PATH identifies and assesses equipment, such as manually operated neonatal resuscitation devices,* that can help health workers save lives. When we find promising devices, we test them rigorously and identify ways to make them better suited for use in resource-limited settings. We also build capacity around procurement and processing of these reuseable devices with health workers at the country level to increase access and correct use.

Samples of chlorhexidine (for antiseptic treatment of umbilical cords), liquid in a spray bottle, and gel in a tube.

Chlorhexidine gel or liquid is a simple, inexpensive, and effective lifesaving medicine that could save more than 300,000 newborns in their first days of life. Photo: PATH/Patrick McKern.

2. Chlorhexidine

About one-third of newborn deaths in developing countries are related to severe infection. By applying chlorhexidine* on a newborn’s umbilical cord, we can dramatically reduce that risk. This is a simple, inexpensive, and effective lifesaver that can be used by health care workers or at home by family members. The potential impact? Annually, more than 300,000 newborns could be saved in their first days of life.

PATH leads an international group of organizations committed to advancing the use of 7.1 percent chlorhexidine digluconate for umbilical cord care through advocacy and technical assistance. We’re also working jointly with manufacturers in African and Asian countries to increase availability of the product made by local producers.

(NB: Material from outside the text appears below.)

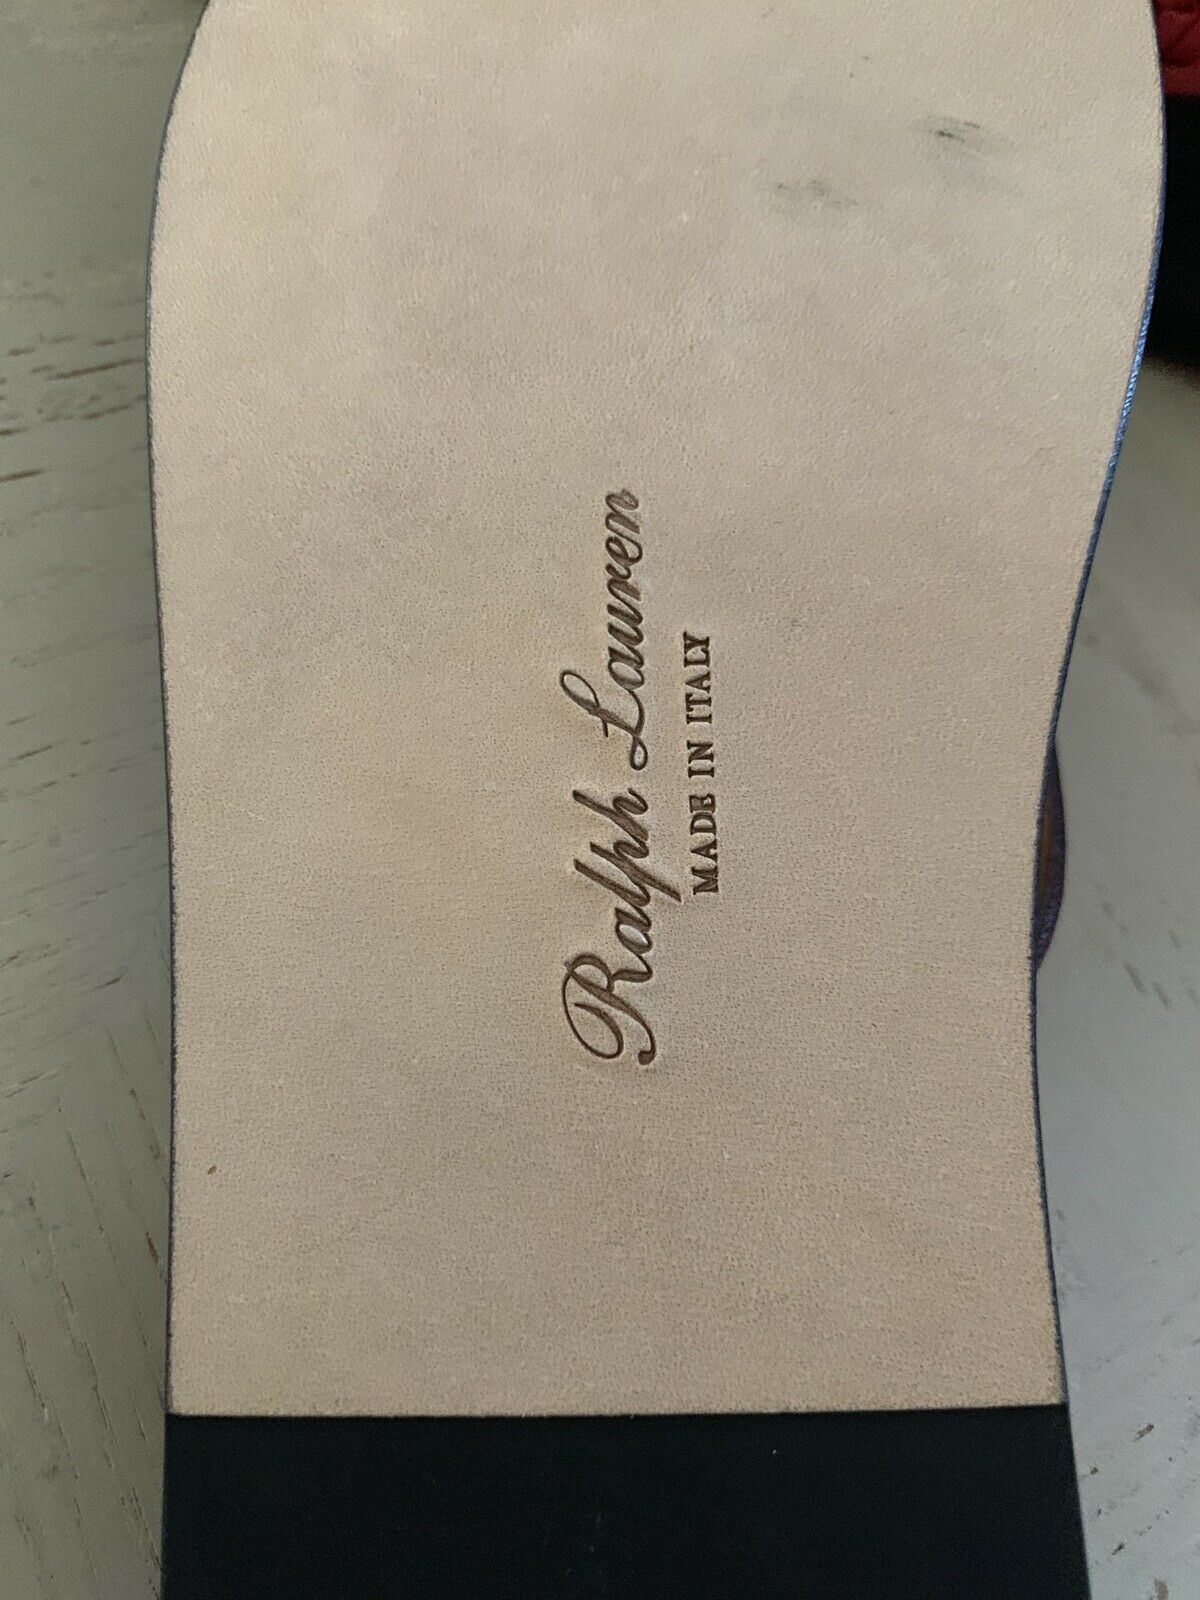 New $495 Ralph Lauren Purple Label Mens Vachetta Leather Sandal Red 8.5 US

A woman holds a preterm newborn baby.

For newborns who don’t have access to breastmilk, human milk banks provide safe and nutrient-rich mother’s milk. Photo: PATH/Tom Furtwangler.

3. Human milk banking

Human milk is the best first food for newborns. Human milk banks, which rely on donated mothers’ milk, play an important part in ensuring that safe, pasteurized human milk is available to babies without access to their own mother’s milk. These banks are especially crucial for babies who are premature, low birthweight, or orphaned. And yet, the high cost of commercial-grade milk pasteurizers is one reason why it’s been difficult to bring this lifesaving intervention to poor countries—the very places where vulnerable infants are at the highest risk.

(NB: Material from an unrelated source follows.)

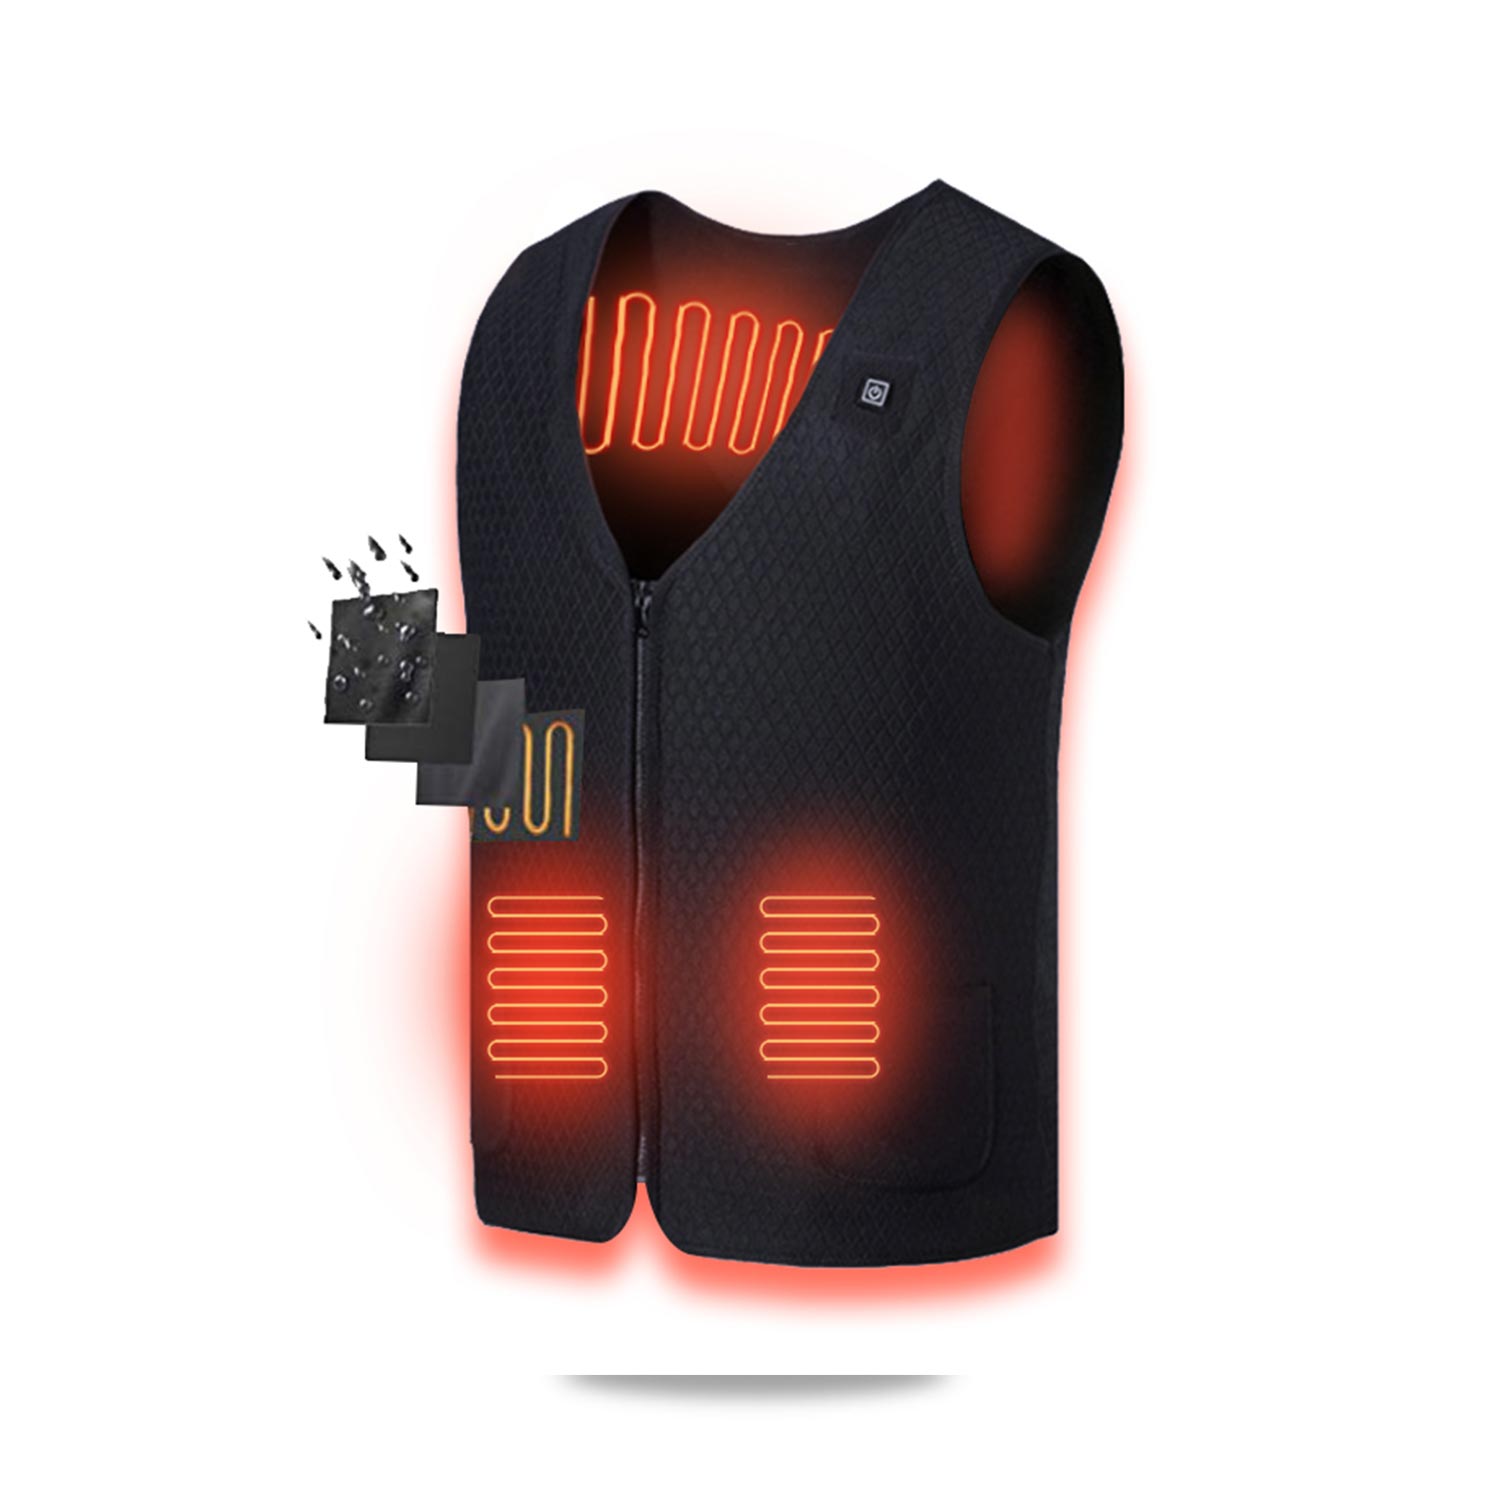 Battery heating vest

PATH is a global leader on this issue, collaborating with milk banking organizations and experts around the world, strengthening health services in specific countries like South Africa and India, and designing and advancing cost-saving technologies.

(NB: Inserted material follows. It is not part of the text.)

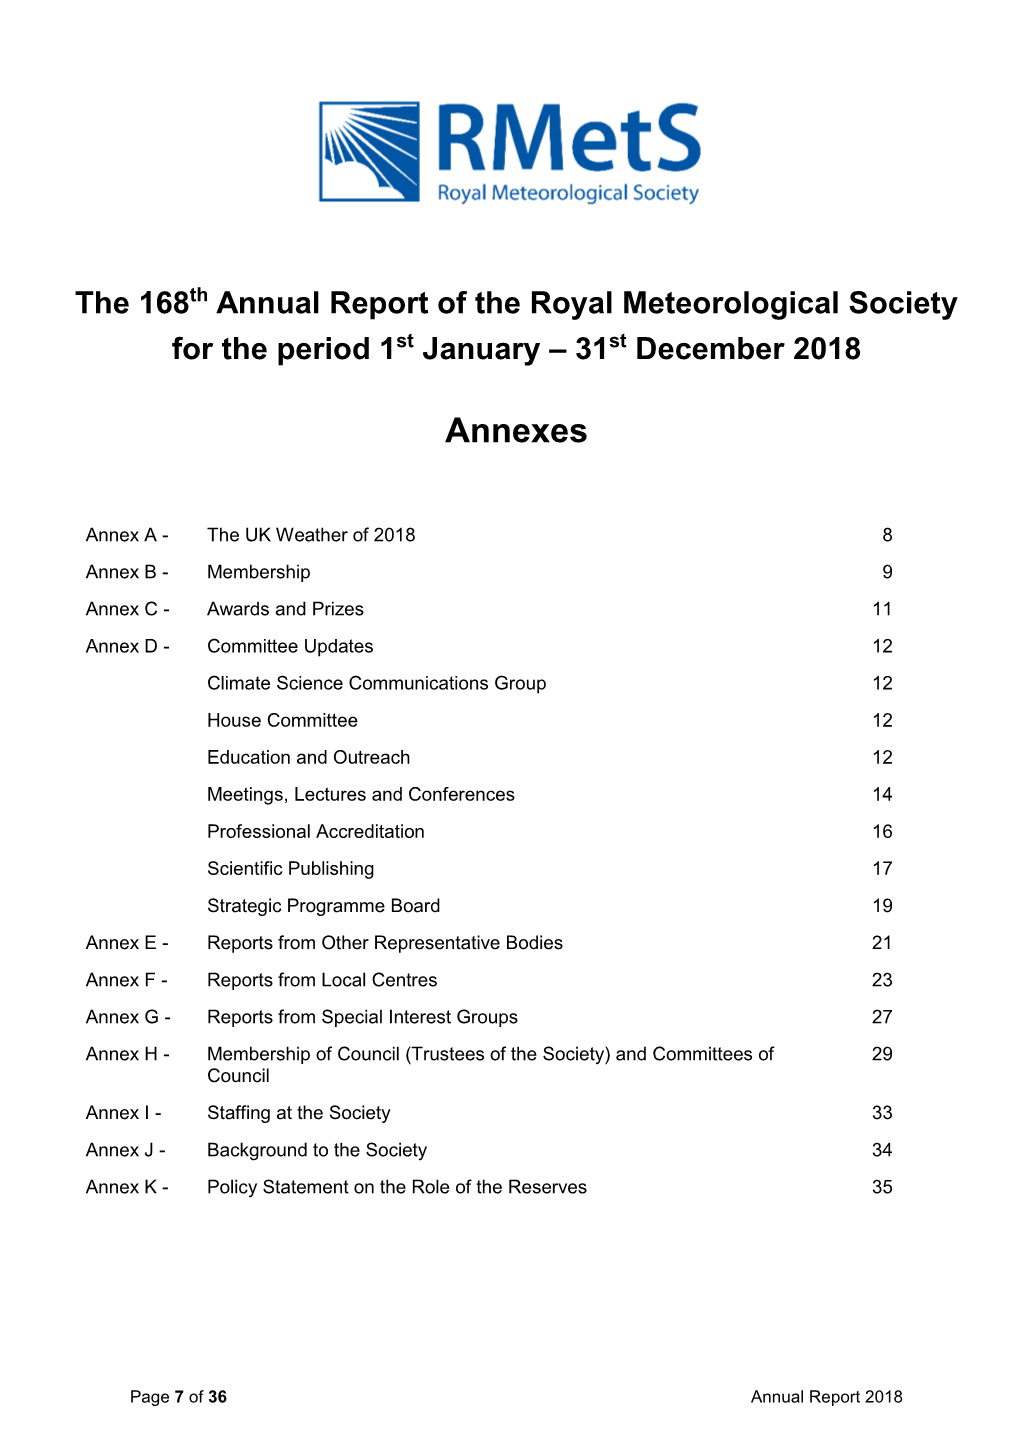 Annual Report Annexes 2018

A Nifty cup is held in a woman's hand.

The NIFTY cup, designed to allow infants to drink breastmilk at their own individual pace. Video: PATH/Patrick McKern.

4. NIFTY cup

Ideally all newborns should be fed breastmilk, but millions of babies are born each year who can’t breastfeed or drink through a bottle due to prematurity or craniofacial anomalies like cleft lip or palate. The inability to feed properly puts them at risk of starvation. The NIFTY cup** was designed to allow infants to drink at their own individual pace. The flow of milk is much easier to control through a unique reservoir and flow channels. This also prevents waste by letting infants lap the milk.

PATH’s multidisciplinary team of product development, public health, and commercialization experts partnered with epidemiological, dental, and medical experts at Seattle Children’s and the University of Washington to create the NIFTY™ cup. This solution, although still in the research and development stages, has the potential to save millions of lives.

*Neonatal resuscitator and chlorhexidine:
Support for these projects is made possible by the generous support of the American people through the United States Agency for International Development (USAID) under the terms of the HealthTech V Cooperative Agreement #AID-OAA-A-11-00051. The contents are the responsibility of PATH and do not necessarily reflect the views of USAID or the US Government.

**NIFTY cup:
PATH was nominated for a $250,000 validation award from the Saving Lives at Birth: A Grand Challenge for Development– a partnership of the United States Agency for International Development (USAID), the Government of Norway, the Bill & Melinda Gates Foundation, Grand Challenges Canada, the U.K.’s Department for International Development (DFID), and the Korea International Cooperation Agency (KOICA), which will fund the next phase of research and development.